WB: Custom;  f 11.0; shutter speed: 1/20; ISO 100
On this occasion the custom WB setting has rendered colour much the same as the shade WB setting. colours appear accurate and natural if somewhat less saturated than the shade setting.

Sunset


 

 

WB: Auto; f 11.0; shutter speed: 0.3 sec (hence the blurring) ISO 100
unfortunately this shot suffers from blurring due to camera shake. the shutter speed was too low and whilst the image is accurately exposed it is blurred. Blurring aside the colour rendition of Auto WB can still be assessed.  This set of photographs was taken at sunset  and the colour of light at this time of day is rich in reds and oranges. Nevertheless, the auto WB has not rendered the colours satisfactorily. It is biased towards red (what you would expect at this time of day) but it gives no indication that this is a photo taken at sunset. there is no golden glow and areas in shadow appear unnaturally red and the background is decidedly pink!

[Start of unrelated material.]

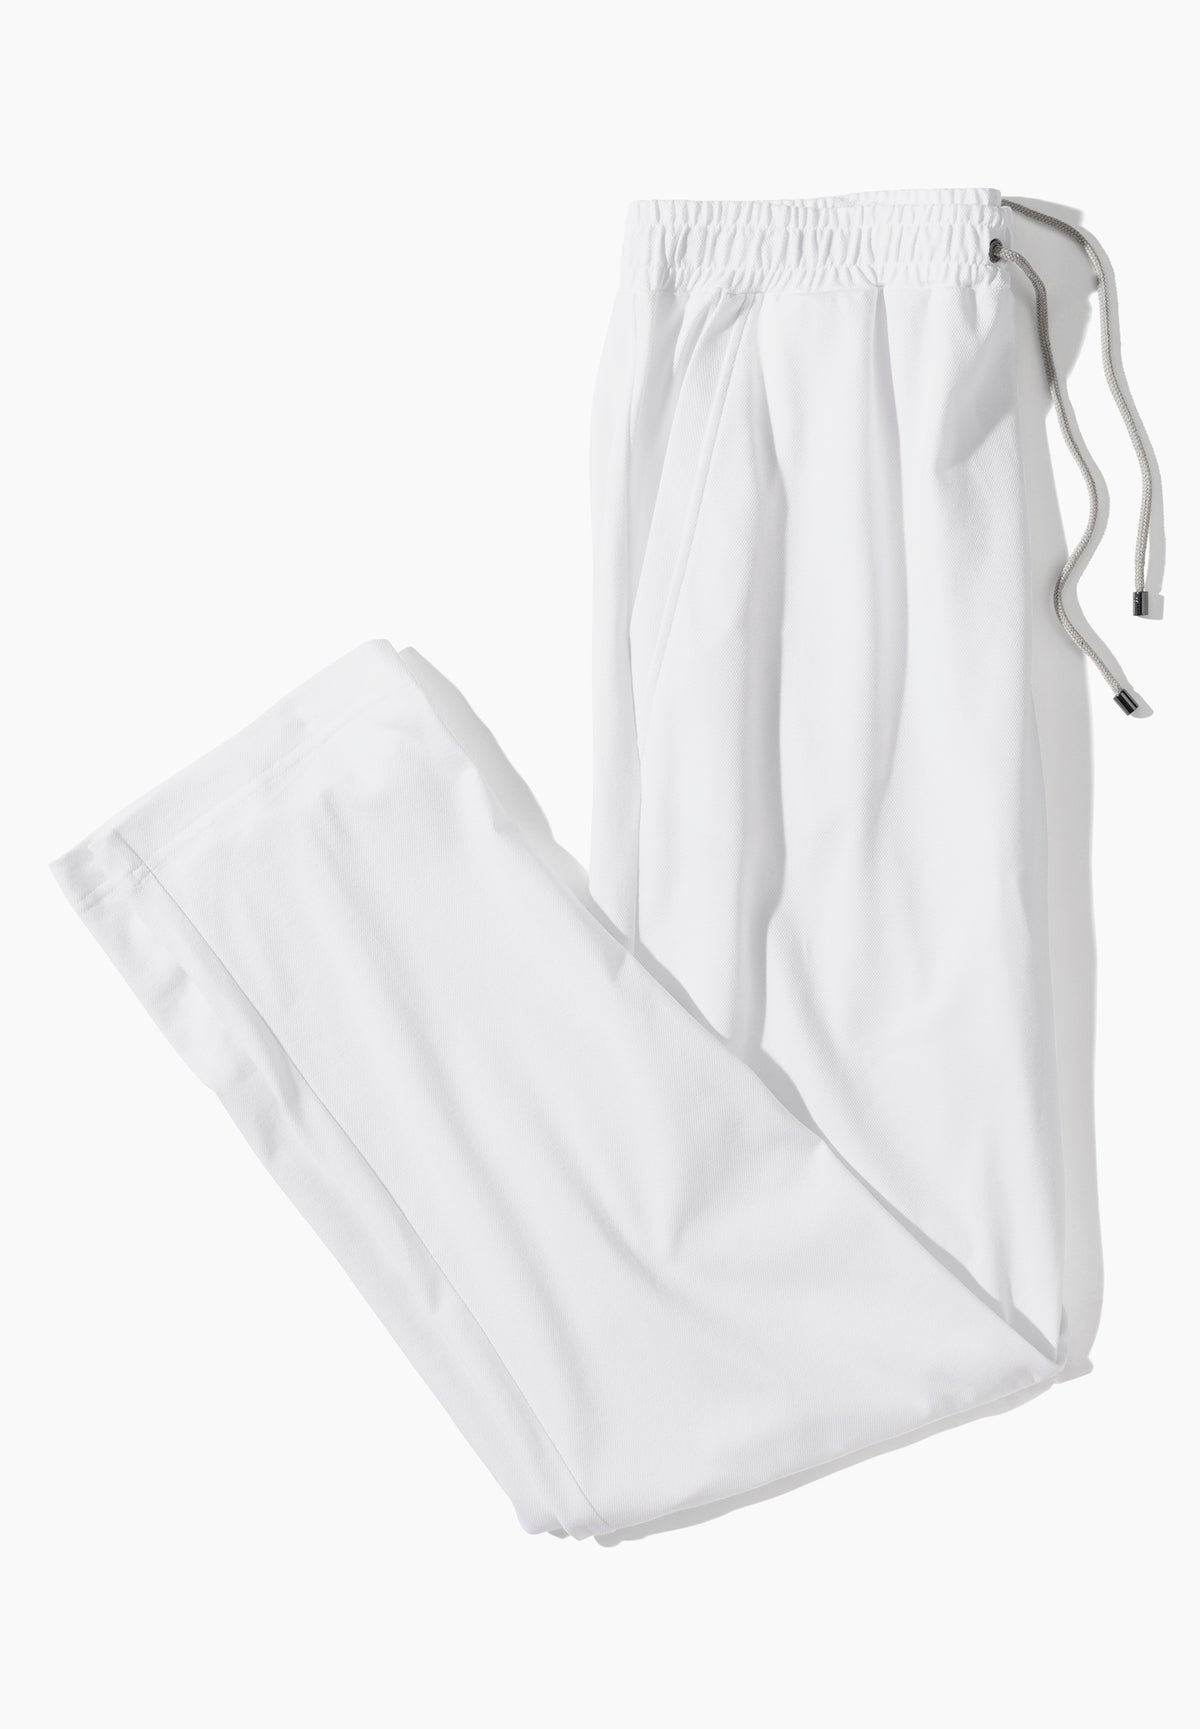 Piqué Lounge | Pants Long - white

WB: custom; f 11.0; shutter speed: 1/6 ISO 100
Of the 4 photographs this appears to be the best setting. The colours appear realistic and natural and there is a definite sense that the photo has been taken at sunset. Skin tones are rich and vibrant and the background is rendered accurately.
 

WB: Daylight; f 11.0; shutter speed 1/6; ISO 100
The daylight WB setting has worked well and there is little difference between this and the custom WB setting except that perhaps the colours do not appear as rich  and highlights are perhaps brighter. Again, skin tones are accurate and the background is the right colour.

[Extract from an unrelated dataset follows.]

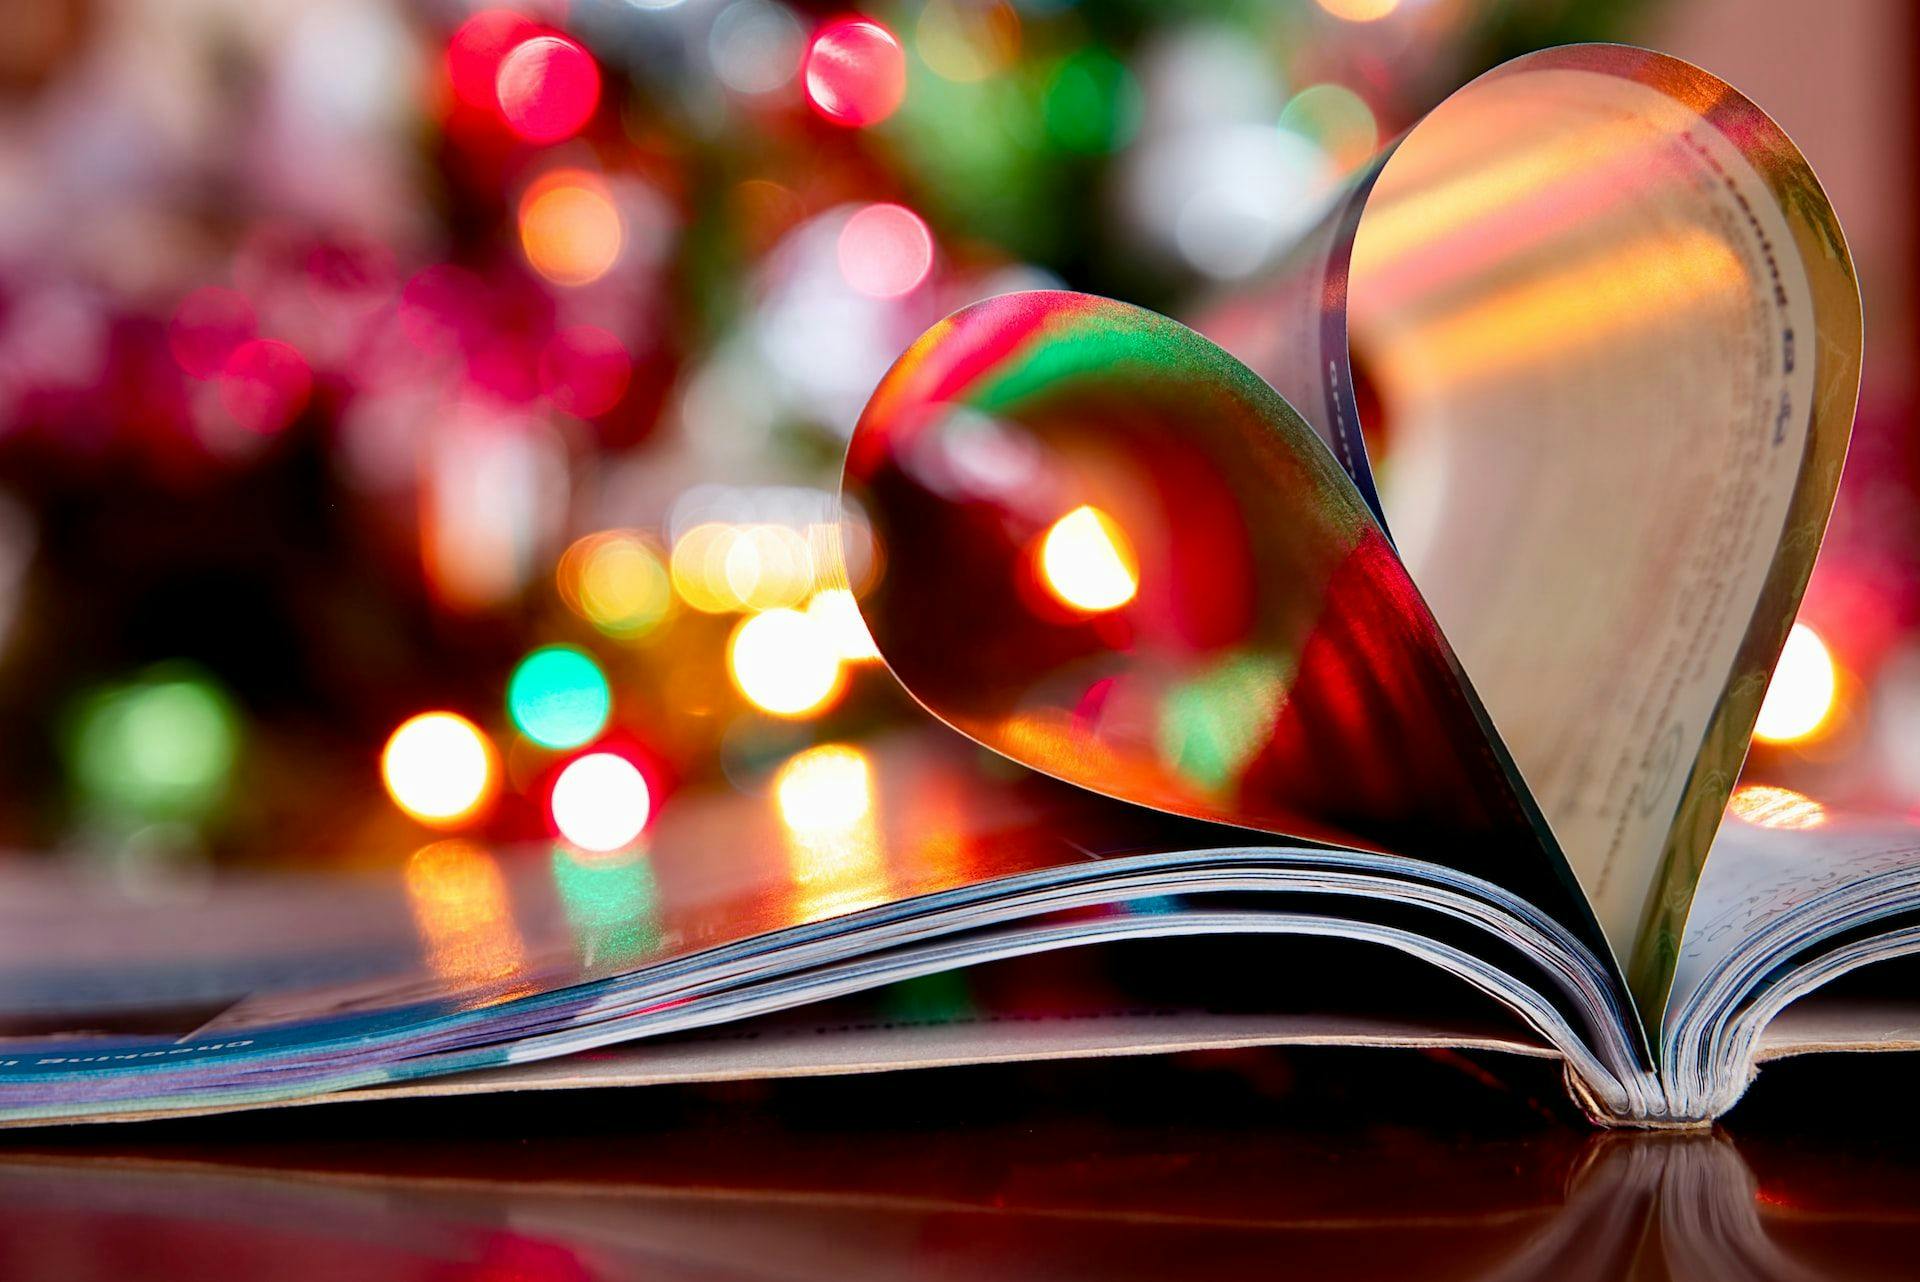 Книги — популярный подарок на Рождество в Люксембурге

WB: Shade; f 11.0; shutter speed: 1/4; ISO 100
The Shade setting at this time of day is almost as inadequate as the auto setting. It does not reproduce the colour at the time of day and as with the auto setting the colours are biased towards red under these lighting conditions (interestingly this is not the case in  the other light conditions where Shade WB setting was biased towards orange). Skin tones appear unnatural and unrealistic in the circumstances. The background whilst not pink is till too salmon compared to how it is rendered by the custom and daylight WB settings.
 
In conclusion then this exercise has made it apparent that  the WB setting of a digital camera is crucial to rendering colours accurately and is one of the factors influencing the subtle messages that you want your photo to make (like mood; ambience and emotion). There is no single setting that will work all the time and it is for this reason that I tend to use a custom setting. However, in the absence of a white (or grey) card as a rule of thumb, the auto WB setting should be avoided and you should take into account the lighting conditions at the time of shooting and choose  the appropriate setting, i.e daylight in daylight shooting irrespective of time of day and  shade WB  in shady conditions.